AMD ROCm is a GPGPU compute solution exposing two APIs: OpenCL and HIP. OpenCL and its upsides and downsides are more well-known, so I’ll focus on what HIP is in this blog post.
What is HIP?
HIP is a wholesale clone of the CUDA APIs, including the driver, runtime and libraries’ APIs. That’s not a bad thing, it acknowledges what the industry standard is, making portability easier.
Where does it differ?
Some major differences exist between the two:
- A choice was taken to change the prefix of the functions using the cuda prefix to the hip prefix. Some #define blocks used in CUDA were also changed to enums. This breaks straightforward source-level compatibility.
- There’s no intermediate ISA other than LLVM IR (targeted at a specific GPU model in ROCm). In CUDA, the app developer can ship a PTX code slice that will run on later hardware without recompilation required. Inline assembler directives also offer forward-compatibility with newer hardware unlike on AMD GPUs, as they expose the raw ISA there.
There are more differences, those two are the architectural ones that’ll affect you the most during application porting. The latter means that you won’t have translation tools provided by AMD if you don’t use CUDA C++ but another programming model instead. You’ll also be affected if you use inline PTX sections, which will have to be ported.
AOMP is an AMD implementation of the OpenMP API that runs on top of the HIP API. If you are using OpenMP on GPUs, that option is recommended. If you use Fortran, you’re mostly on your own for now.
What tool is being used to port a CUDA C++ application to ROCm?
One of them, hipify-clang is written using the Clang API. It relies on the CUDA SDK being installed, parsing the full file and outputting an equivalent using the ROCm equivalents after running transformation matchers via a compiler pass.
The other is hipify-perl. It doesn’t require on the CUDA SDK to be installed and just runs transformation matchers sed-style.
Those tools generate a file that can be compiled using hipcc, which is the nvcc equivalent in ROCm HIP. You might have some compatibility issues that require more porting.

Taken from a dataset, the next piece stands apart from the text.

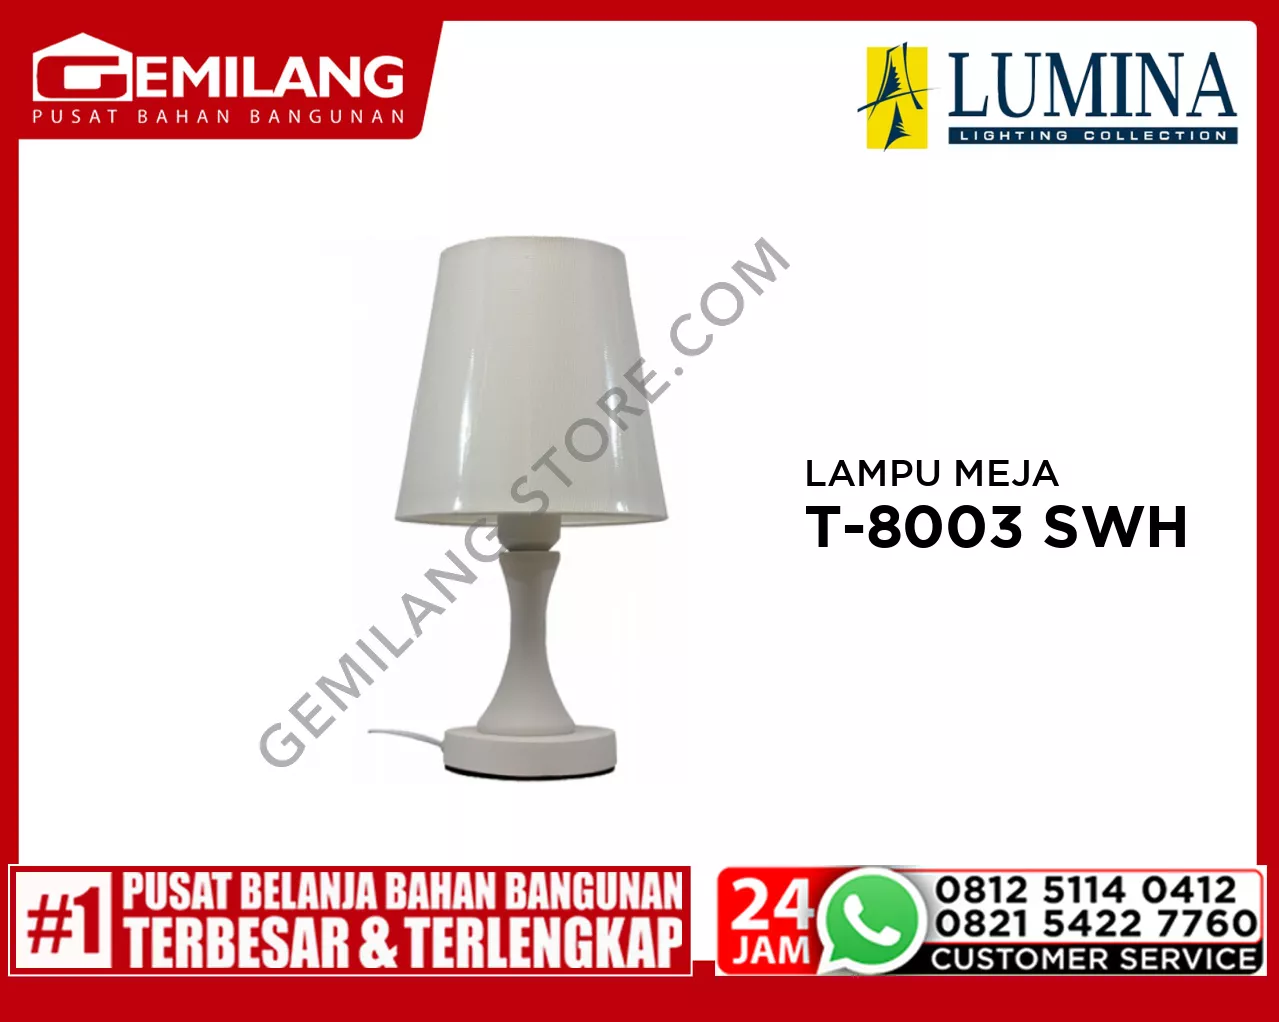 LAMPU MEJA T-8003 SWH

Why isn’t ROCm used more today then?
- Operating system support: ROCm is available on Linux only. HIP on Windows doesn’t have a public SDK. A beta driver became public very recently, which is used by Blender 3.0’s HIP backend in Cycles X.
- Hardware support: This is a big one. The current ROCm release only officially supports Vega 10 (Radeon Instinct MI25, which will go out of support in ROCm 5.0, approximately 4 years after release), Vega 20 (Radeon VII, Instinct MI50) and MI100 GPUs. Support for the Navi (RDNA/RDNA2) family of GPUs is still in a not production ready state.
- Driver quality: Frequent regressions significantly shaped the opinion of users on ROCm. Not supporting newer hardware officially is a significant factor of that too.
The combination of hardware and software where ROCm is supported results in a meagre installed base, with a low number of hobbyists who have their hand on a compatible configuration. Driver quality also had an impact on the amount of people willing to test.
I tried to load TensorFlow/other app or library on my AMD GPU with ROCm installed on Linux and it didn’t work, why?
On a generation that is enabled (as in, present in the code base) but not supported by AMD, like every single APU, you might have to recompile the applications that you’re using. This is required to add a binary slice corresponding to the GPU architecture of those parts.
This means that you’ll have to know how to build from source (and have the CPU resources necessary), and have the knowledge to fix breakage. This situation manifests with a binary not found for all GPUs error on the system.
In that situation, you might have to recompile ROCm as a whole, and your application/libraries too.
I just want some hardware to test, where can I rent some?
Disclaimer: I worked at AWS on a GPU-related team in the past, my opinion below might be a bit biased.
Especially in this current GPU market, if you aren’t ready to buy a GPU, the best choice around to test ROCm seems to be AWS’s G4ad instances. These come with Navi12 GPUs, which are RDNA (1st gen) parts that include HBM2 memory.
While those are not supported officially by ROCm yet, they are enabled, making them one of the possible options to start application porting. However, if you are using the upper layers/bundled libraries like rocBLAS though, you might still reach significant issues at this point in time.